I looked over Bortman’s shoulder at the security guy behind the desk. He shrugged and nodded.

“Unusual for a CEO to respond in person to a request for information,” I said.

Bortman smiled again, weirdly. “We take our support for law enforcement very seriously. So what can we do for you?”

“We’re looking into the disappearance of a young woman named Melissa Brant and a young man named Moose Scott.”

He paused, as if thinking about it, then shook his head. “I’m afraid I don’t know them. Are they employees here?”

“No, but they recently discovered a plant growing in this area that seemed to match some of the genetic characteristics of your Clean Sweep soil remediation microbes.”

Bortman let out a hiccup that was probably intended to be a laugh. “As you said, Clean Sweep is a microbe, not a plant.”

Carrick said, “So you’re not developing green plants with similar characteristics?”

Bortman shook his head.

“Any chance the gene splice could have jumped species?” Carrick said.

Bortman hiccuped again. “No, but we’d be happy to look at a sample, if you have one.”

“We don’t, unfortunately,” I said, handing him a card. “If you have any other thoughts, please let us know.”

Bortman did his smilelike thing and said, “Certainly.” He palmed the card and slipped it into his pocket, reminding me of one of those old-fashioned toy banks with the hand that comes out and swipes the coin.

As we turned to go, Carrick pointed at the stacks against the wall. “What’s with the boxes?
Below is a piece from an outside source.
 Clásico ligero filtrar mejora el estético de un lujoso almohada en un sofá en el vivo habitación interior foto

Are you moving?”

“Minor restructuring.”

* * *

Back in the car, Carrick said, “That was one strange little man.”

I nodded. “Seriously strange.”

My phone buzzed. It was Bug. I put him on speaker. “What have you got for us?”

“First, that Tapazole is heavy-duty stuff, used to treat hyperthyroidism. Missing a dose can be extremely dangerous. Second, we just monitored two bursts of transmissions from Xenexgen, both seriously encrypted, one routed back to Oslo, and one to a cell phone a few miles away from you. The coordinates don’t match anything on file, but I’ll send them to you.”
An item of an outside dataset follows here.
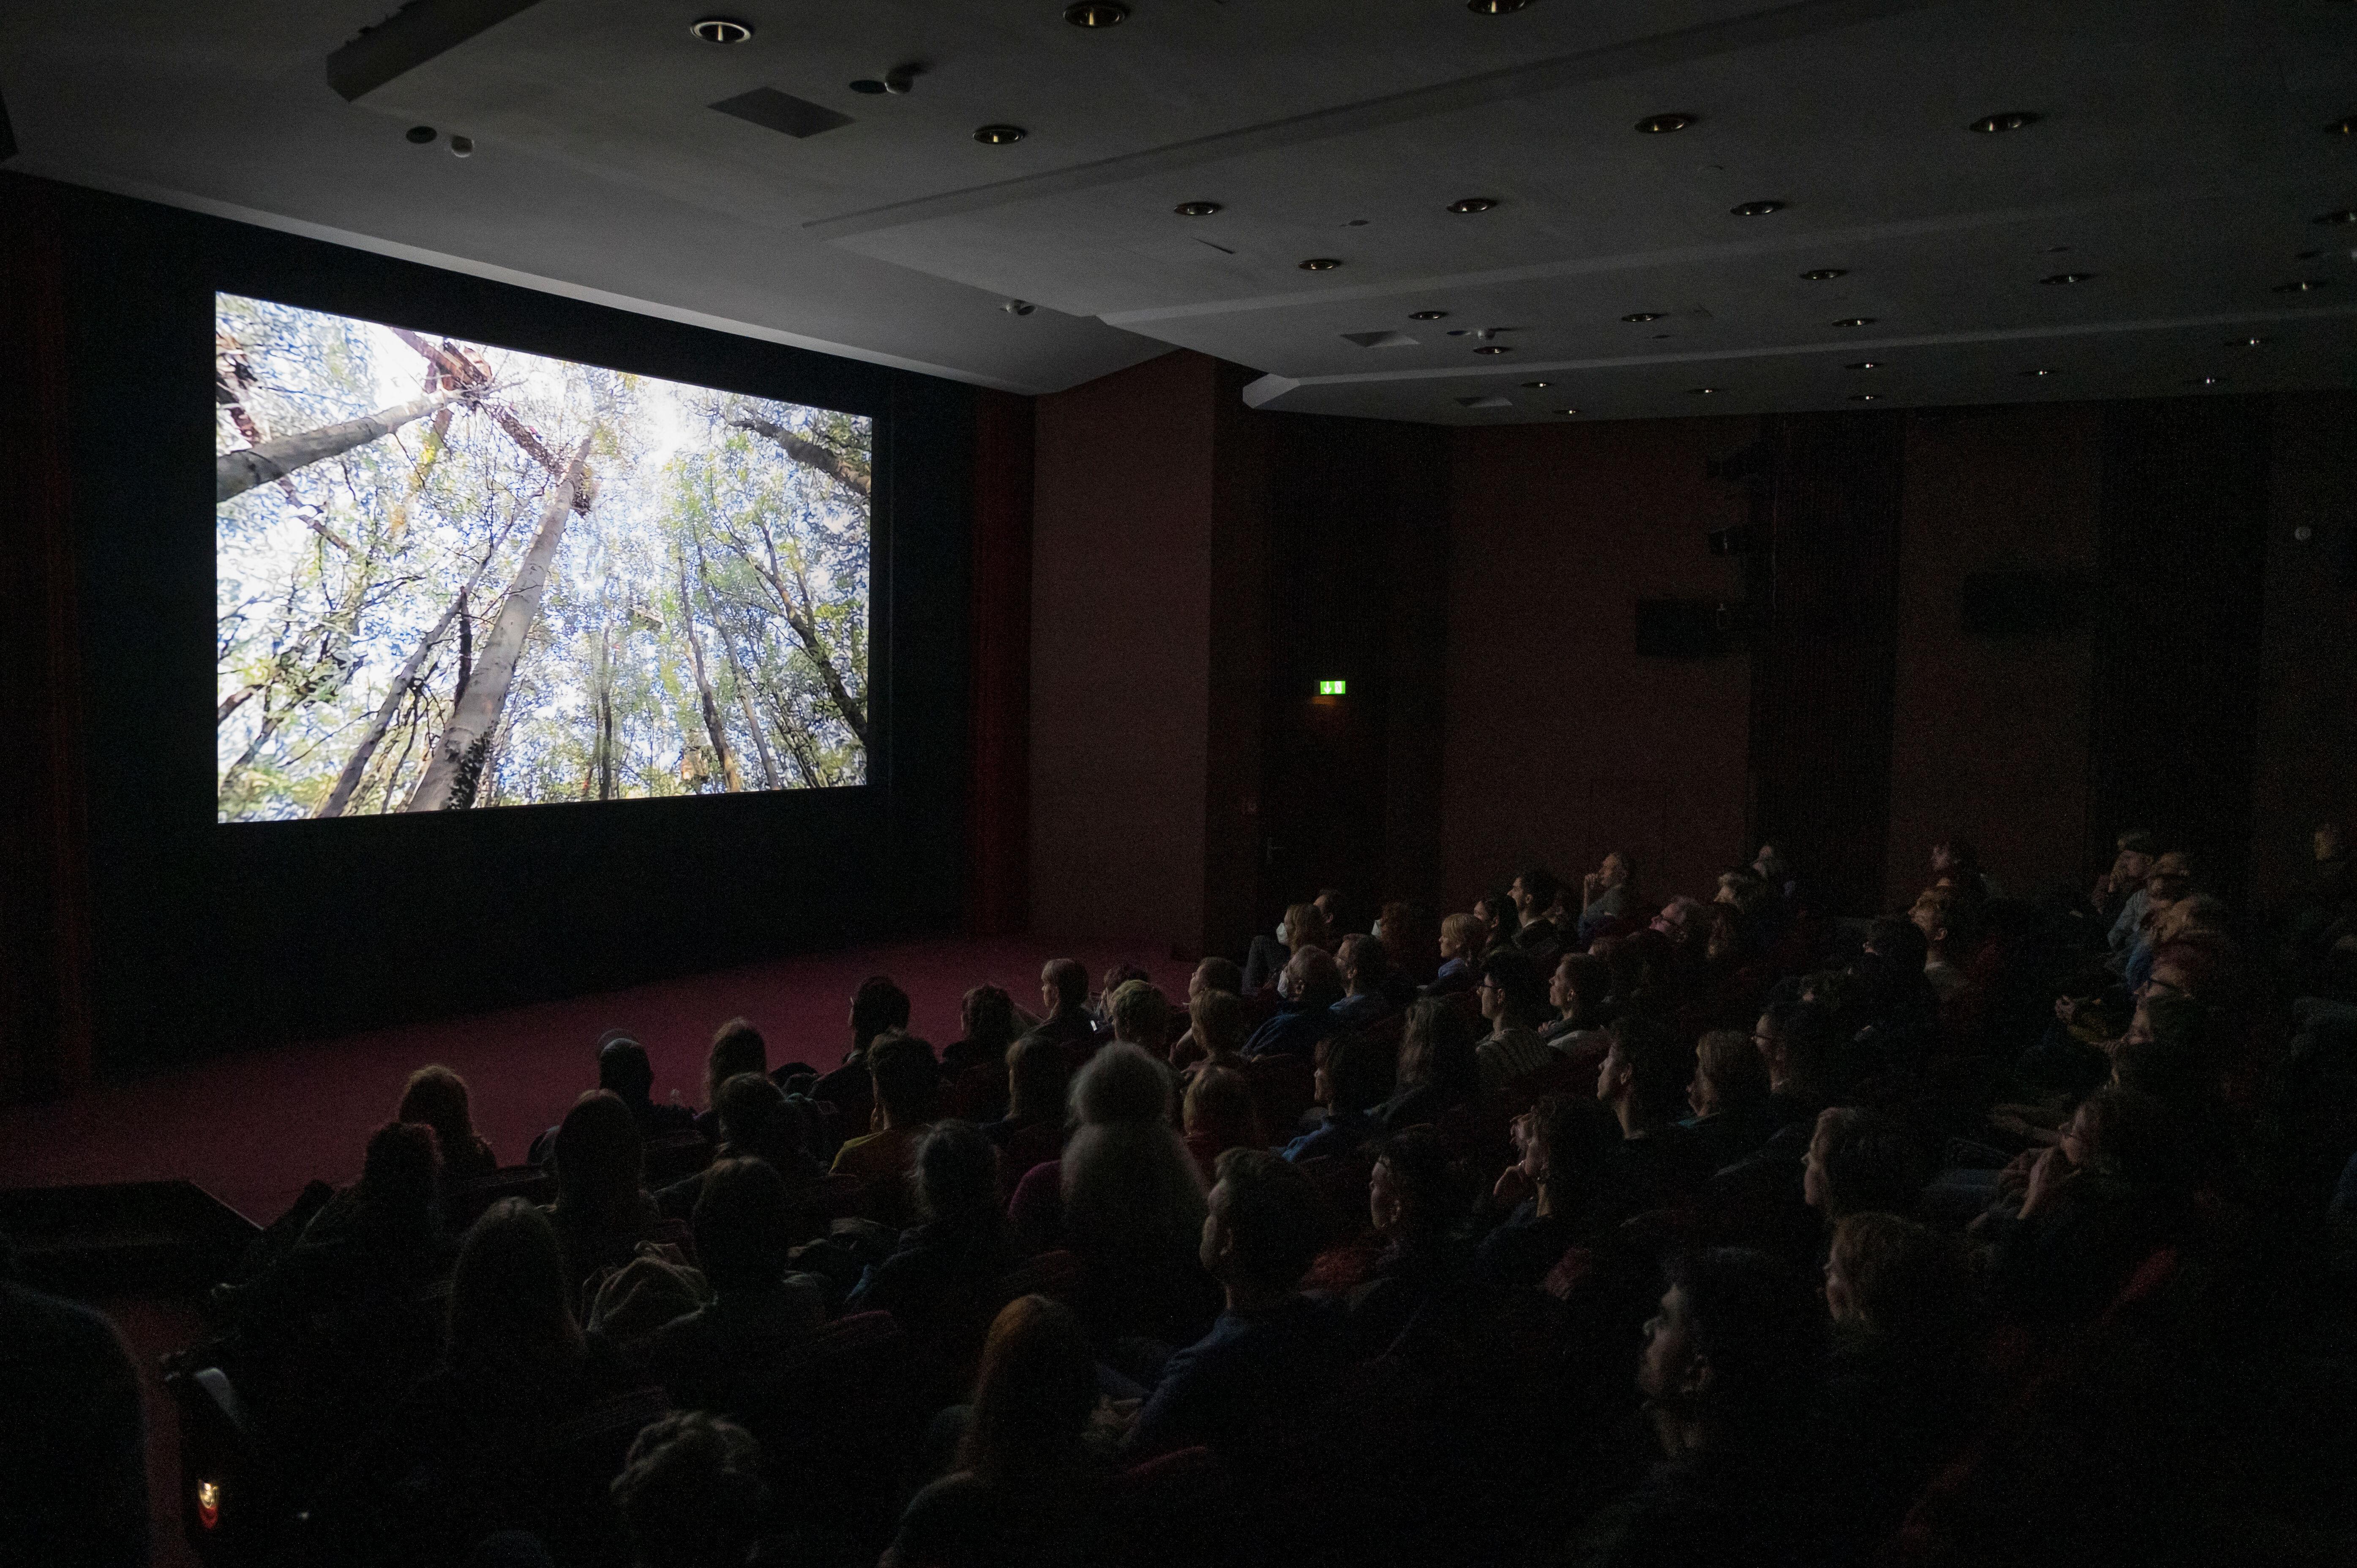 Der Kinosaal im Zeiss-Großplanetarium mit Publikum. Auf der Leinwand ist der Film "Vergiss Meyn Nicht" zu sehen.

Carrick watched as I opened the coordinates in my GPS. The map revealed a solid expanse of green.

“Zoom out,” he said, and when I did, Schoolhouse Road appeared to the south.

“That’s it,” Carrick said. “That’s where Moose found the tiger cress.”

I pressed the navigate button and Carrick turned the car around.

* * *

Twenty minutes later, we were stumbling through the woods, holding out our phones. Me with my GPS, Carrick with a compass app.

“This looks familiar,” he said.

“GPS says we should be almost there.”

He pointed at a rocky incline twenty feet high. “Right over there.”

As we climbed up, I smelled something different from the rest of the woods, but it wasn’t weird or chemical or alien. It smelled natural. When we reached the top, I recognized the smell of soil. Exposed earth.

Below us, the entire valley was stripped clean, scoured of vegetation. It wasn’t level, as if it were ready for builders, it was just a raw, open wound.

Carrick said, “Huh,” as he tramped down into the middle of the glen and turned in a slow circle.

“Not how you remembered?” I called down to him.

He shook his head. “Weird. There’s no sign of heavy equipment.”

“You’re sure it’s the same place?”

He nodded, then something caught his eye, a little scrap of white and blue in the middle of all that brown. He picked it up and looked at it, recoiling as he sniffed it.

“What is it?” I asked, coming over to where he was.

He held up a scrap of white plastic with the blue Xenexgen logo. “Clean Sweep,” he said, holding it up in front of my face.

I caught a faint whiff of that strange mixture of sulfur and menthol.

Just then my phone buzzed. “Bug. What have you got?”

“Shit’s going down.”

“Talk to us,” I said, putting him on speaker.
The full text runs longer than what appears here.